The European Union is “ready to react” to Russia’s decision to halt gas supplies to the bloc, a top EU official told CNBC on Saturday.
Russia’s state-owned energy giant Gazprom on Friday announced an indefinite halt to gas flows to Europe via the Nord Stream 1 gas pipeline, citing the need for additional repairs.
The move came after supplies had already been halted last week for a planned “maintenance outage” that was expected to last until Sept. 3.
“We expect that Russia is respecting the contracts that they have but even if the weaponization of energy will continue or will increase in response to our decisions, I think that the Euoprean Union is ready to react,” said Paolo Gentiloni, the EU’s economics commissioner.
“Of course, we have to save energy, we have to share energy, we have [a] high level of storage and we are not afraid of Putin’s decisions,” Gentiloni told CNBC’s Steve Sedgwick at the Ambrosetti Forum in Italy.
“We asked Putin to respect their contracts but if they don’t respect their contracts then we are ready to react,” he said, without detailing exactly what actions this could entail.
Gazprom said on the Telegram messaging app that inspectors found an oil leak in the pipeline.
“Gas transportation to the Nord Stream gas pipeline has been completely stopped until the issues on the operation of the equipment are eliminated,” the energy company said.
The halt to supplies comes after a summer of volatile relations between Russia and the EU as the war in Ukraine continues, with Russia accused of “weaponizing” gas supplies to its European neighbors in a bid to pressure the bloc for sanctions relief.
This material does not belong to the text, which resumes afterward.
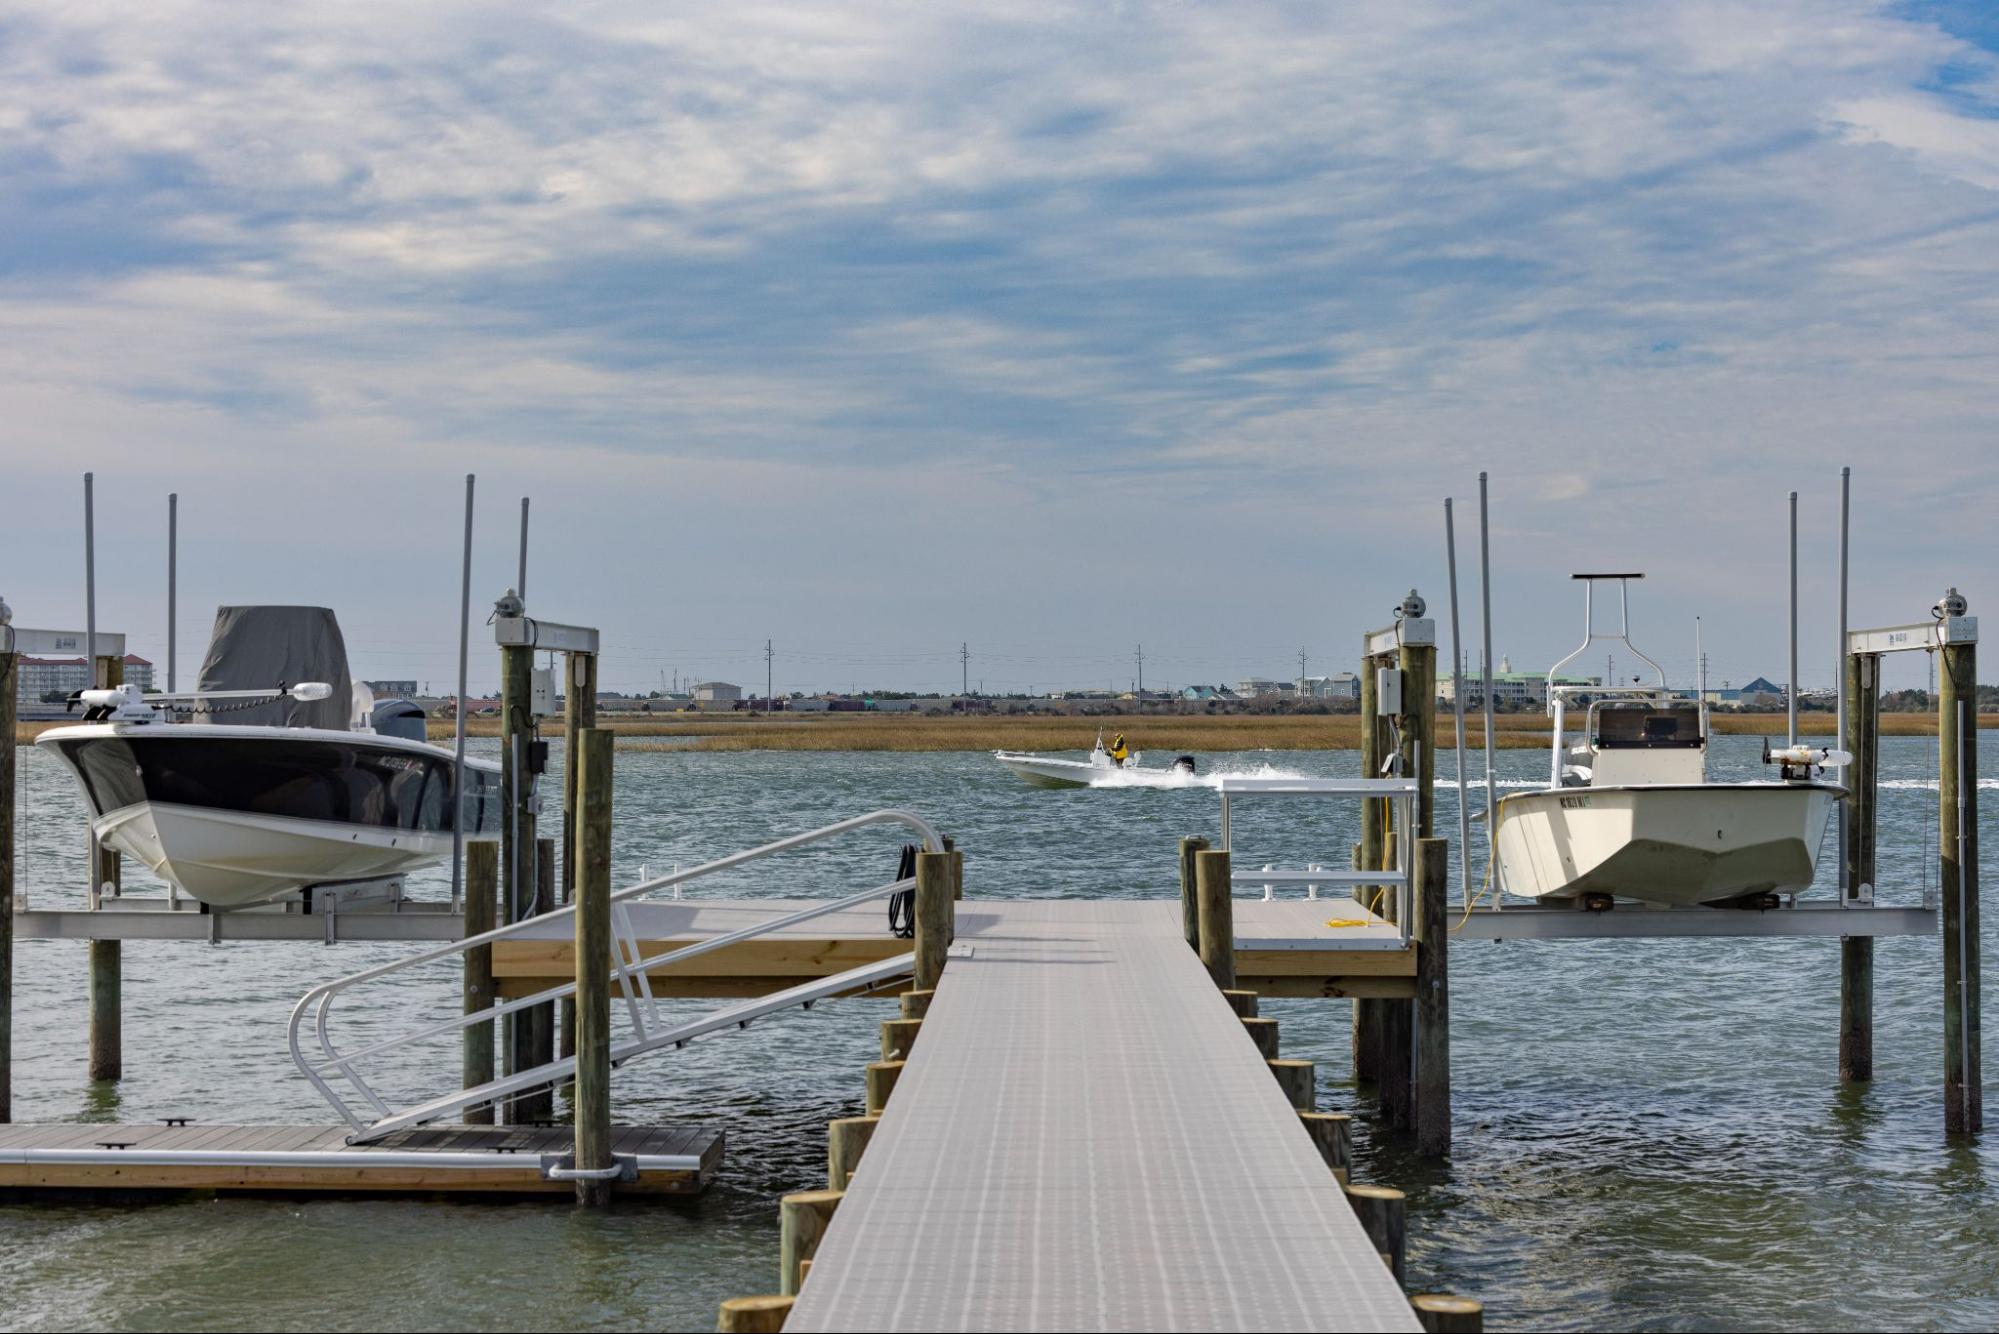 The photo depicts a T-shaped dock with two boats lifted by a boat lift on each side. The boat on the left-hand side is larger than the boat on the right-hand side.

Russia denies using energy as a weapon.
Gazprom has repeatedly said that sanctions are preventing it from maintaining and running the pipeline efficiently and had already reduced gas flows through the pipeline to around 20% of its full capacity.
Gazprom’s decision came hours after the Group of Seven economic powers agreed on a plan to impose a price cap on Russian oil in an attempt to curb Moscow’s oil revenues.
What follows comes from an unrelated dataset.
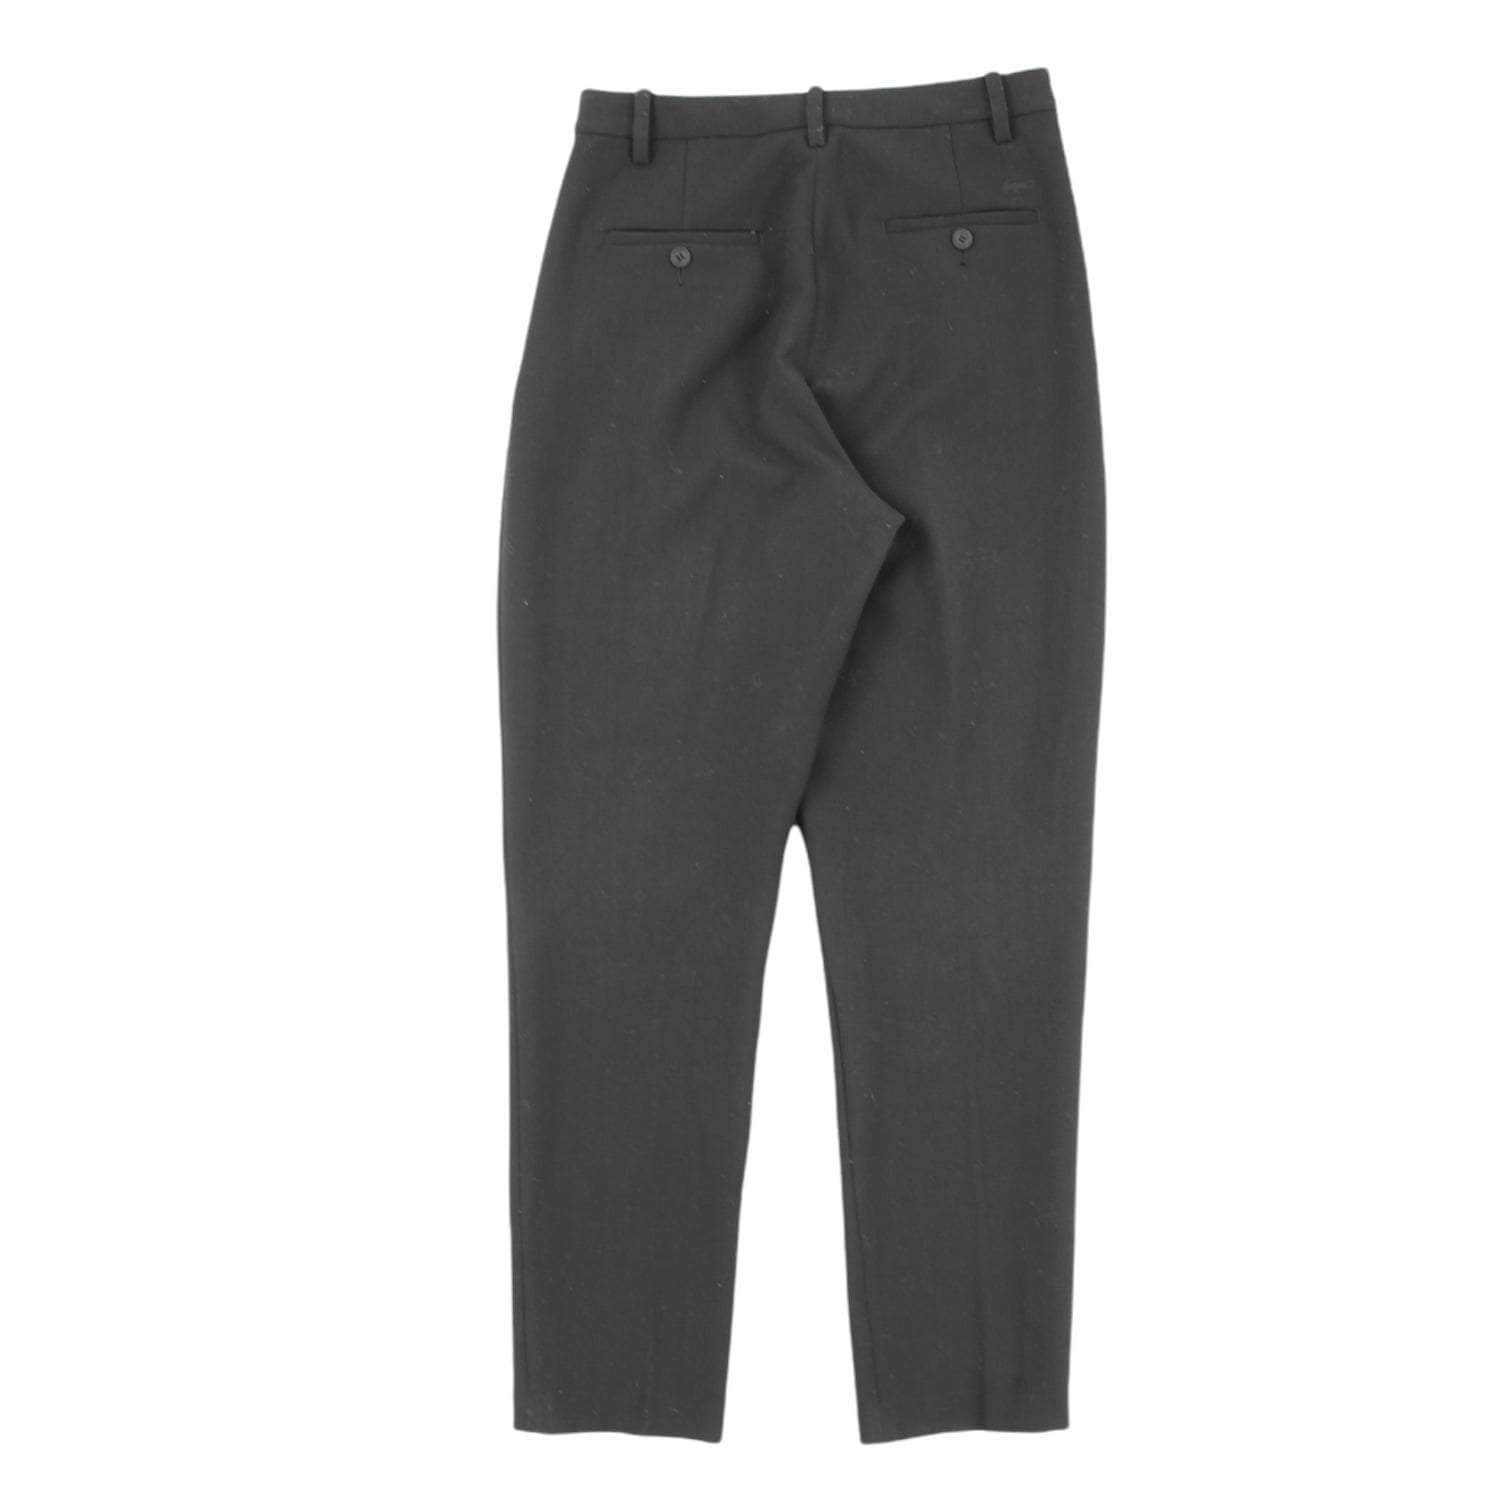 Lacoste Black Tapered Leg Trousers

A halt to all Russian gas supplies puts the EU in a tight spot as it heads into the fall and winter.
Since Russia’s unprovoked invasion of Ukraine, the EU has looked to reduce and phase out its imports of Russian gas. However, while it scrambles for alternative supplies, it remains somewhat dependent on those supplies.
The bloc has already called on all members to voluntarily reduce their respective gas consumption by 15% in the fall and through the winter months in a bid to eke out supplies.
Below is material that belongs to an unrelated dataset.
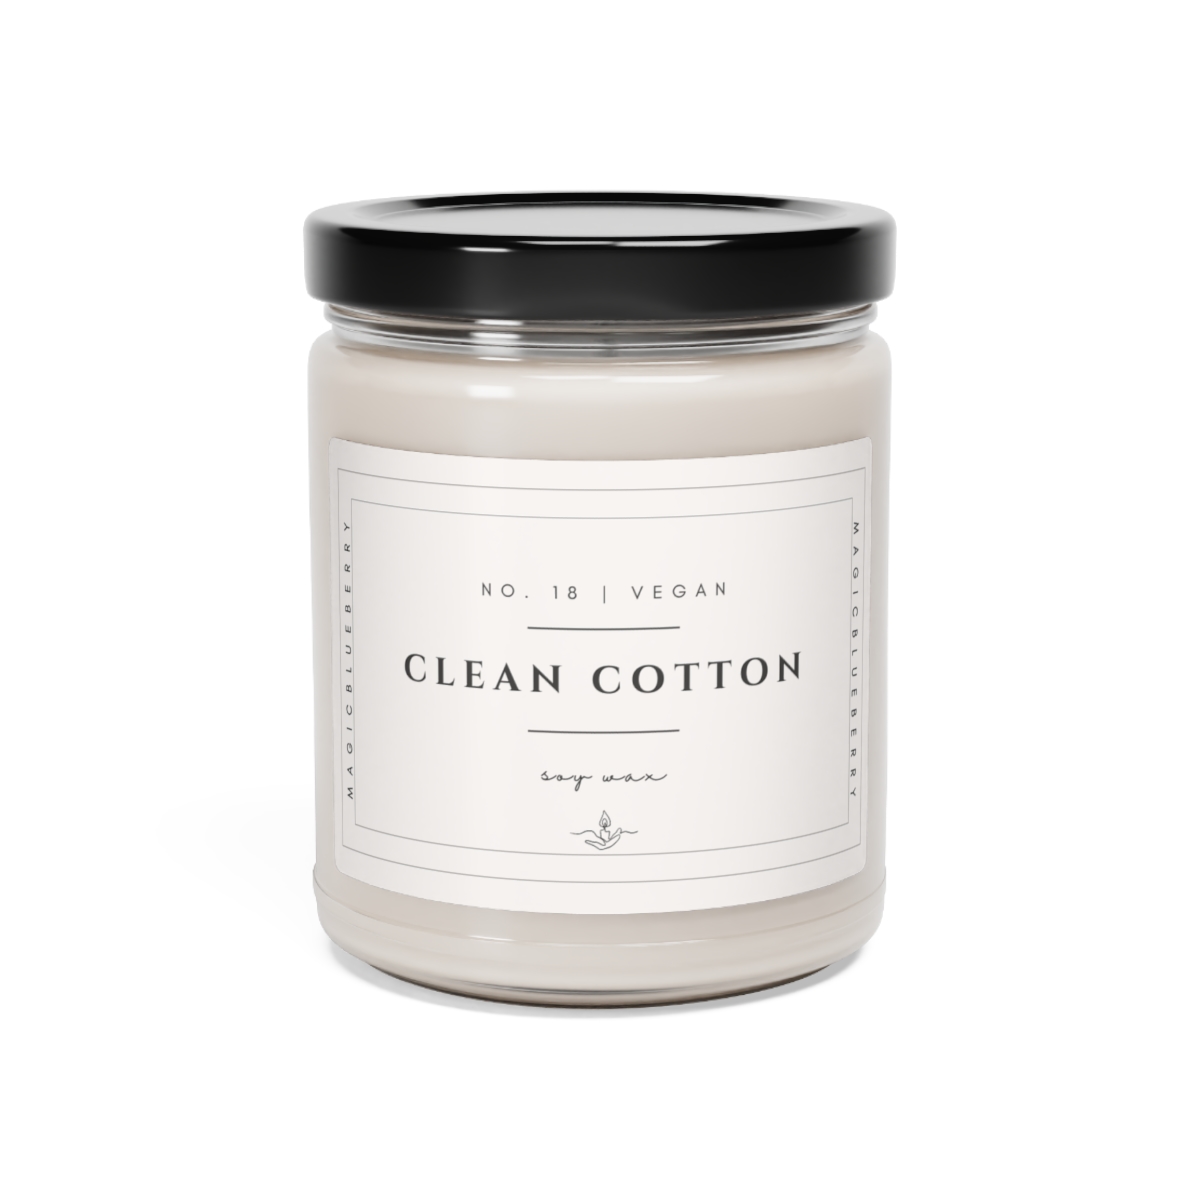 Clean Cotton Scented Vegan Soy Wax Candle Clear Jar Candle, Spell Candle, Sassy Candle Vegan Candle Cotton Wick Candle Home Deco product thumbnail image

U.S. Senator Lindsey Graham, also speaking to CNBC at the Ambrosetti Forum, said while the expected energy shortages this coming winter were “very inconvenient for Europe” it would not be “the first time that Europeans had to suffer for their freedom.”
“Here’s what I would say to my European friends: We will work with you to find alternatives to Russian gas and the sooner we can arrive to that destination the safer the world would be and more stable Europe would be,” he said.
“The biggest blow to Putin’s war machine would be energy independence by Europe. The day you achieve that he becomes a shell of his former self.”